Task: Apart from the pictures, reproduce the data below exactly as it stands.

Data below:
-=-=-

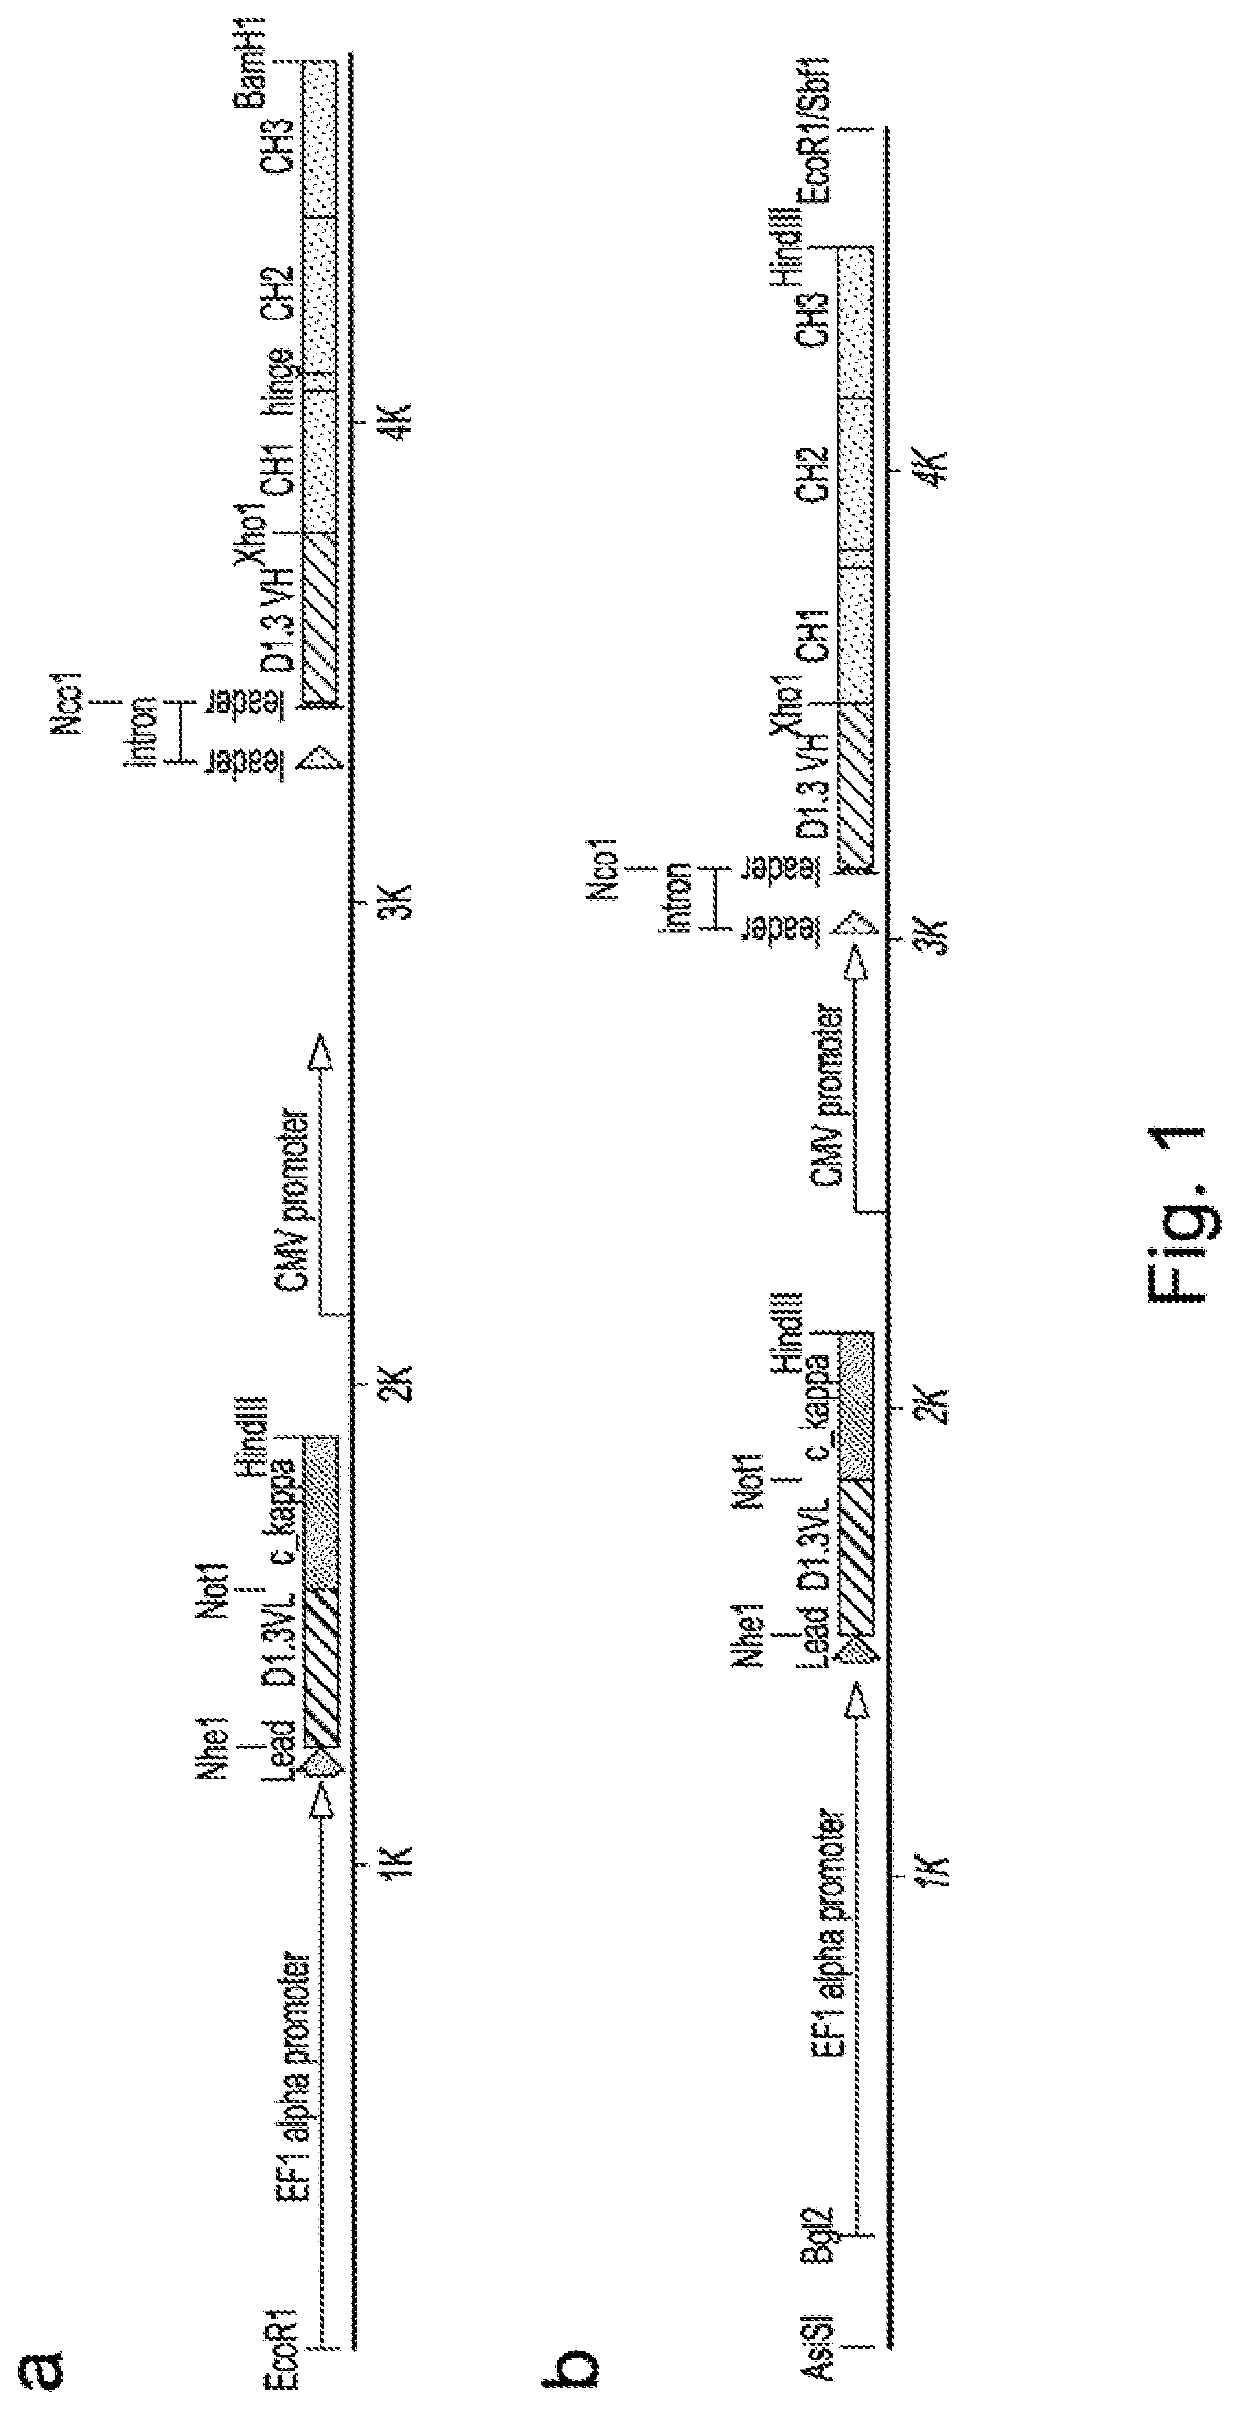 Preparation of libraries of protein variants expressed in eukaryotic cells and use for selecting binding molecules
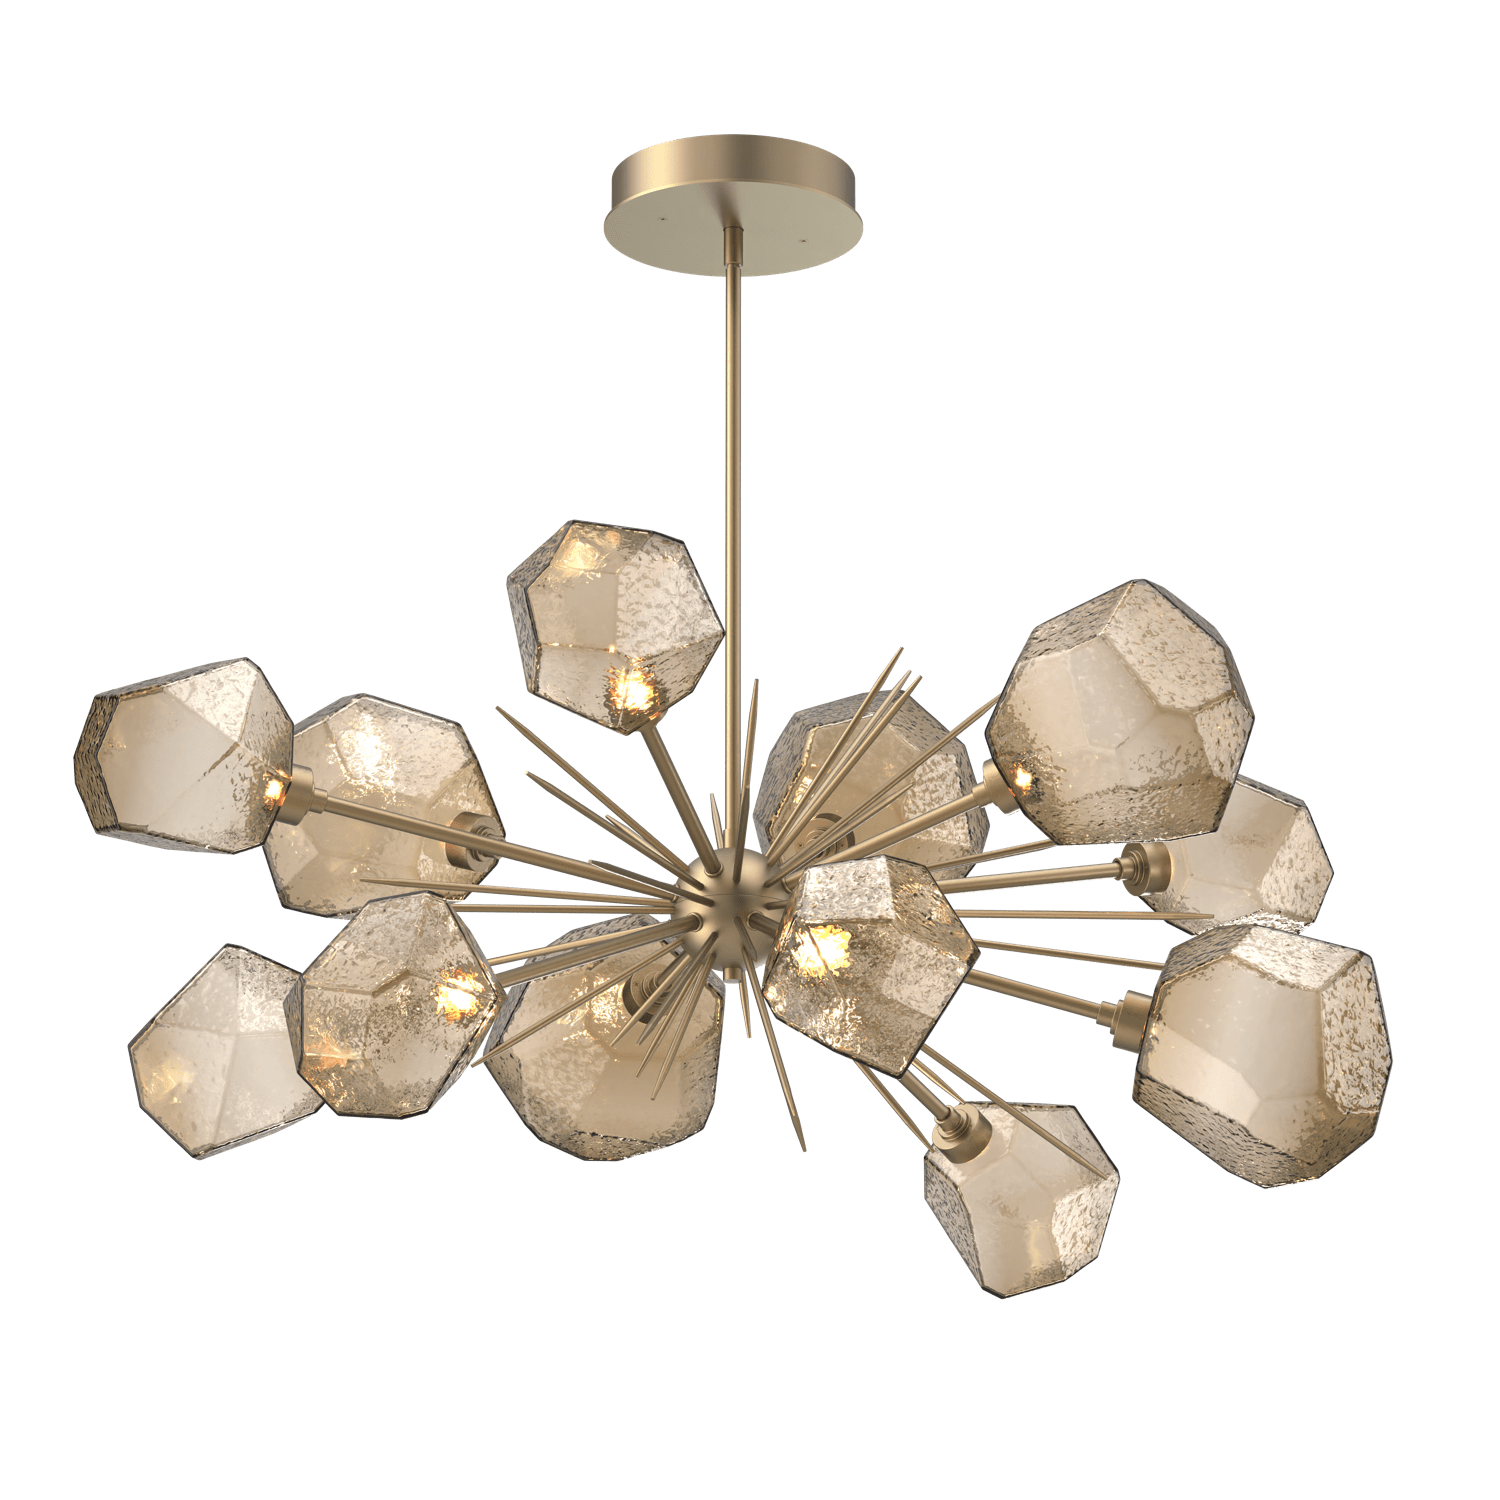 PLB0039-0D-GB-B-Hammerton-Studio-Gem-43-inch-oval-starburst-chandelier-with-gilded-brass-finish-and-bronze-blown-glass-shades-and-LED-lamping
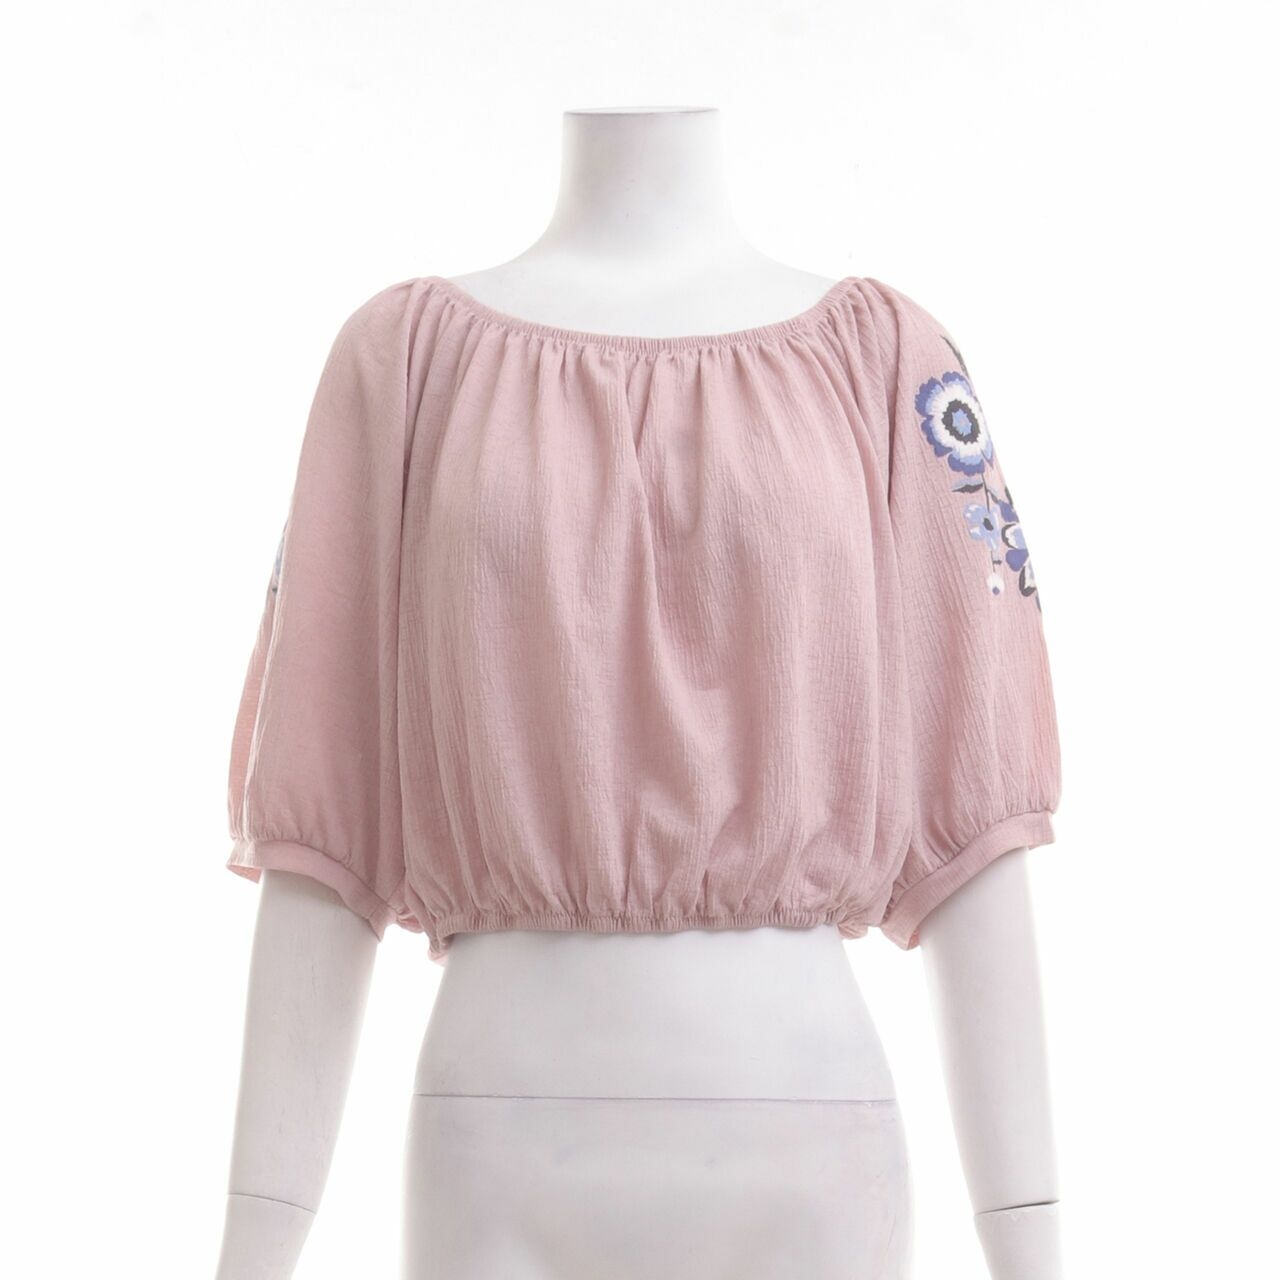 Max Dusty Pink Blouse
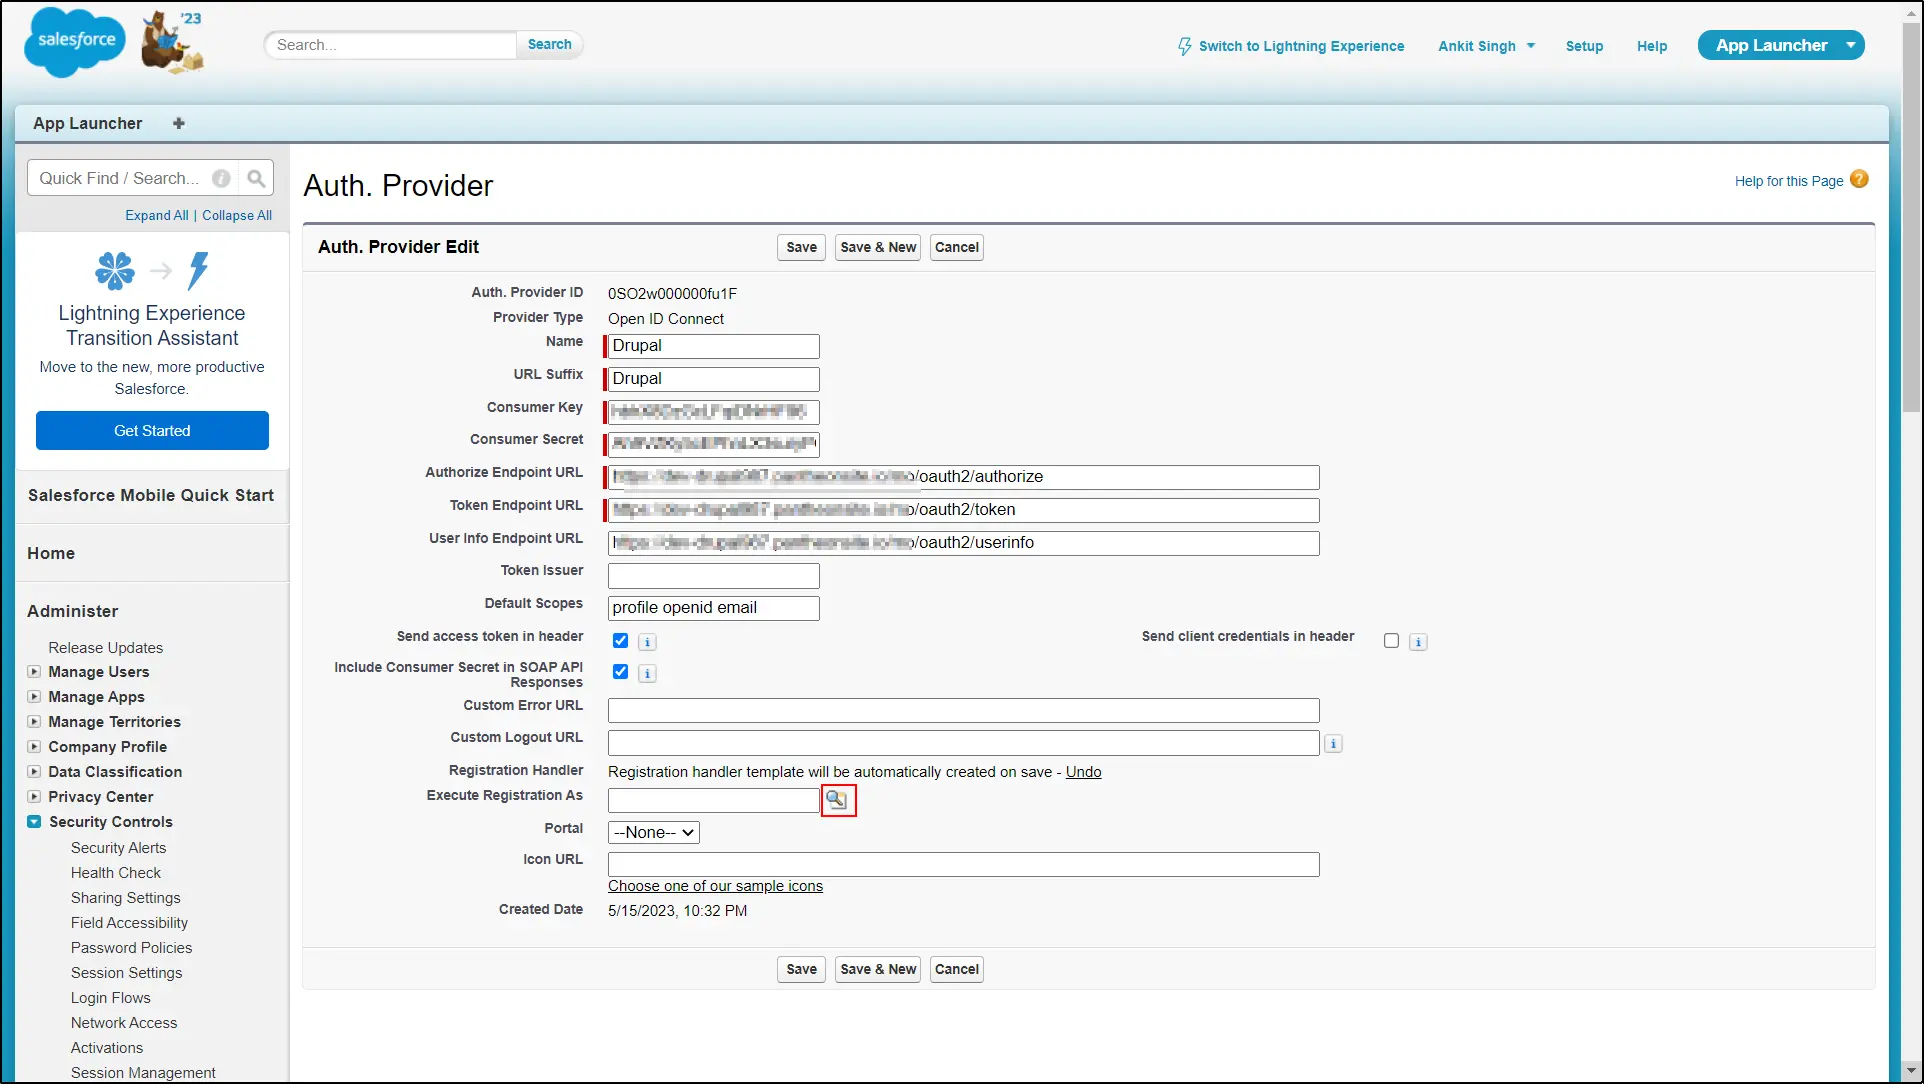  Integrating Salesforce with Drupal OAuth/OIDC Provider - Click search icon next to Execute Registration Handler As

-=-=-

Exercise result:
 Preparation of libraries of protein variants expressed in eukaryotic cells and use for selecting binding molecules
 PLB0039-0D-GB-B-Hammerton-Studio-Gem-43-inch-oval-starburst-chandelier-with-gilded-brass-finish-and-bronze-blown-glass-shades-and-LED-lamping
 Max Dusty Pink Blouse
  Integrating Salesforce with Drupal OAuth/OIDC Provider - Click search icon next to Execute Registration Handler As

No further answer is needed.